Патрули встали перед камерой наблюдения, закрепленной над дверью.
За массивной сталью чуть слышно клацнул электрозамок.
Боевики вышли из поля зрения камеры и потянули дверь на себя.
Боцман пробежался пальцами по клавишам. Цепь, идущая от телекамеры над
дверью в каземат, разомкнулась, и на монитор диспетчера пошла запись с
видеокамеры: пустой проход, спокойно, но бдительно несущий в своей норе
службу часовой.
А в реальности часовой, машинально проводивший взглядом патрулей,
повернулся в ту сторону, откуда они пришли, и увидел, как из-за поворота
выскользнули Артист и Док. Его рука, державшая рукоять настороженно
взведенного АКМ, сжалась, его губы чуть округлились, набирая воздух для
возгласа... Это было последнее движение в его жизни, потому что в тот же
момент Пастух налег на рычаг, бревна перед Боцманом приподнялись и
разошлись. Тут же в щель просунулся глушитель на стволе его "каштана". Три
пули, выпущенные за 0,18 секунды, разворотили часовому кости между виском и
ухом. Двое боевиков, бывшие в этот миг по обе стороны порога, услышали
вверху шум раздвигаемых бревен. Они подняли головы и начали задирать стволы
своих ПМ. Но в них уже стреляли Артист и Док, которым не нужно было больше
обращать внимание на часового.
Боевики еще не успели упасть, а Боцман уже спрыгнул вниз и, распахнув
дверь, бросился через проходную комнату внутрь, к диспетчерской. Благодаря
плану и уточнениям Мухи он ориентировался в подземелье так, точно прослужил
тут не один месяц. Внутри все оставалось по-прежнему: сработала психология
тюремщиков, которые чисто формально заботятся об обороне, уделяя основное
внимание предотвращению побега.
Когда Боцман ворвался на центральный пост, диспетчер, успокоенный
благополучно окончившейся проверкой, возился в выдвинутом ящике письменного
стола. Он доставал журнал, чтобы записать в отчет о дежурстве известие о
преждевременно проснувшихся кротах.
Грохота башмаков Боцмана он почти не слышал из-за больших закрывавших
уши наушников. Да и то, что слышал, мог бы принять за шаги возвращавшихся
патрулей. Но чутье служаки сработало -- когда Боцман миновал порог,
диспетчер настороженно повернулся к нему. Ему хватило секунды, чтобы понять,
что случилось, и потянуться к пистолету на поясе.

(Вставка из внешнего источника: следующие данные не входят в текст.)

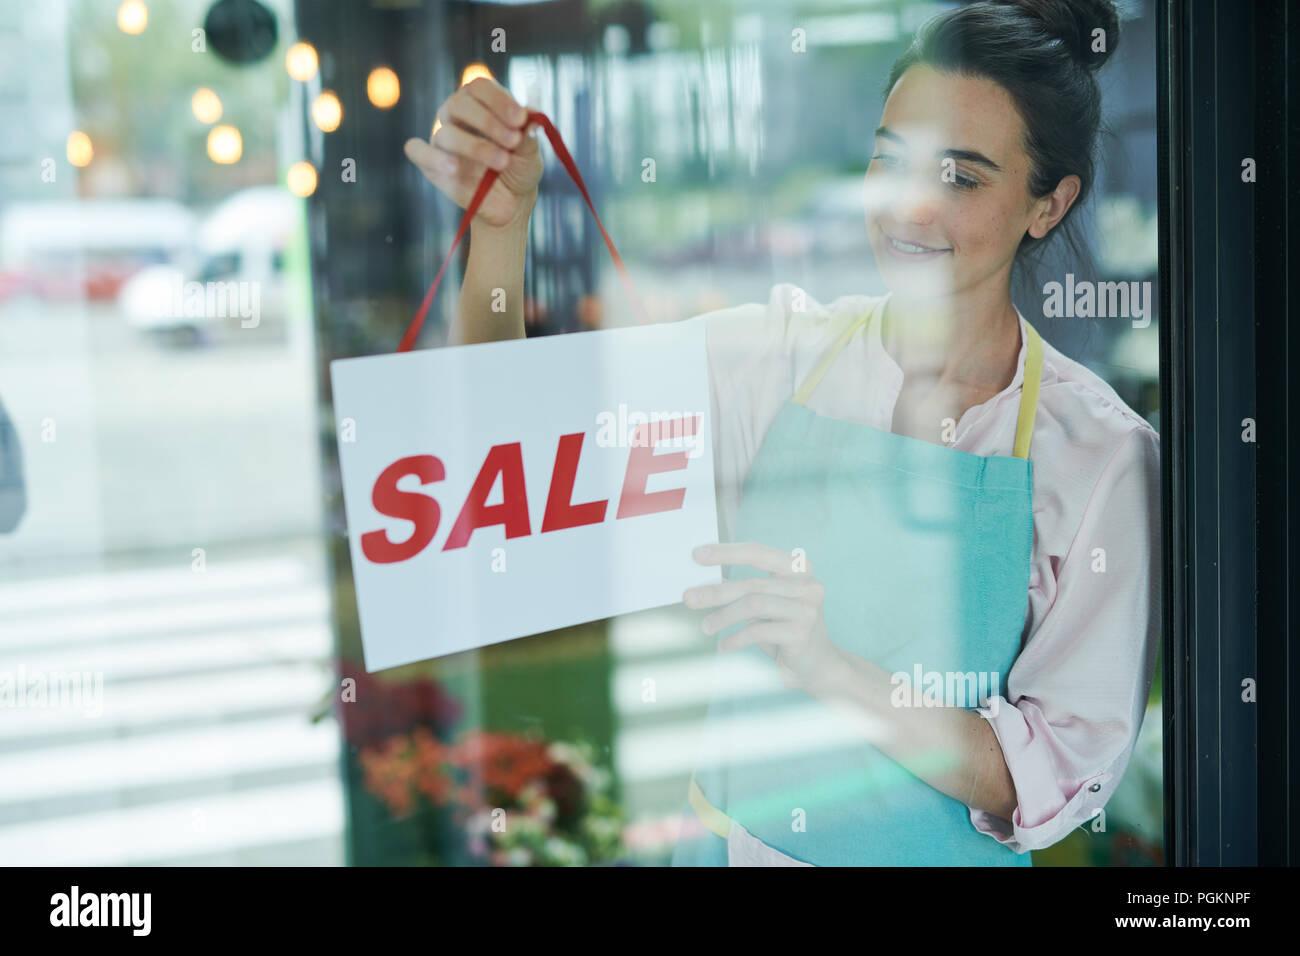 Taille bis Portrait von lächelnd weibliche Ladenbesitzer hängenden Verkauf Schild an der Tür Stockbild

Но иногда секунда -- это слишком долго.
Боцман на бегу перехватил "каштан" за глушитель и теперь, как дубиной,
дотянулся им до лба охранника. Удар получился так силен, что того отбросило,
и он упал на пол вместе с вращающимся креслом.
"Вот что его подкузьмило, -- машинально отметил Боцман. -- Кресло. Был
бы стул, он бы успел достать ствол. А так подлокотники помешали. Цена
комфорта".
Боцман только успел убедиться, что оглоушенный охранник жив, как
появился Пастух. Он оставил возле Боцмана кофр с электронными прибамбасами,
а сам поспешил дальше -- в глубь подземелья. Тут же появился и Артист.
-- Живой? -- спросил он, видя расстроенную гримасу Боцмана.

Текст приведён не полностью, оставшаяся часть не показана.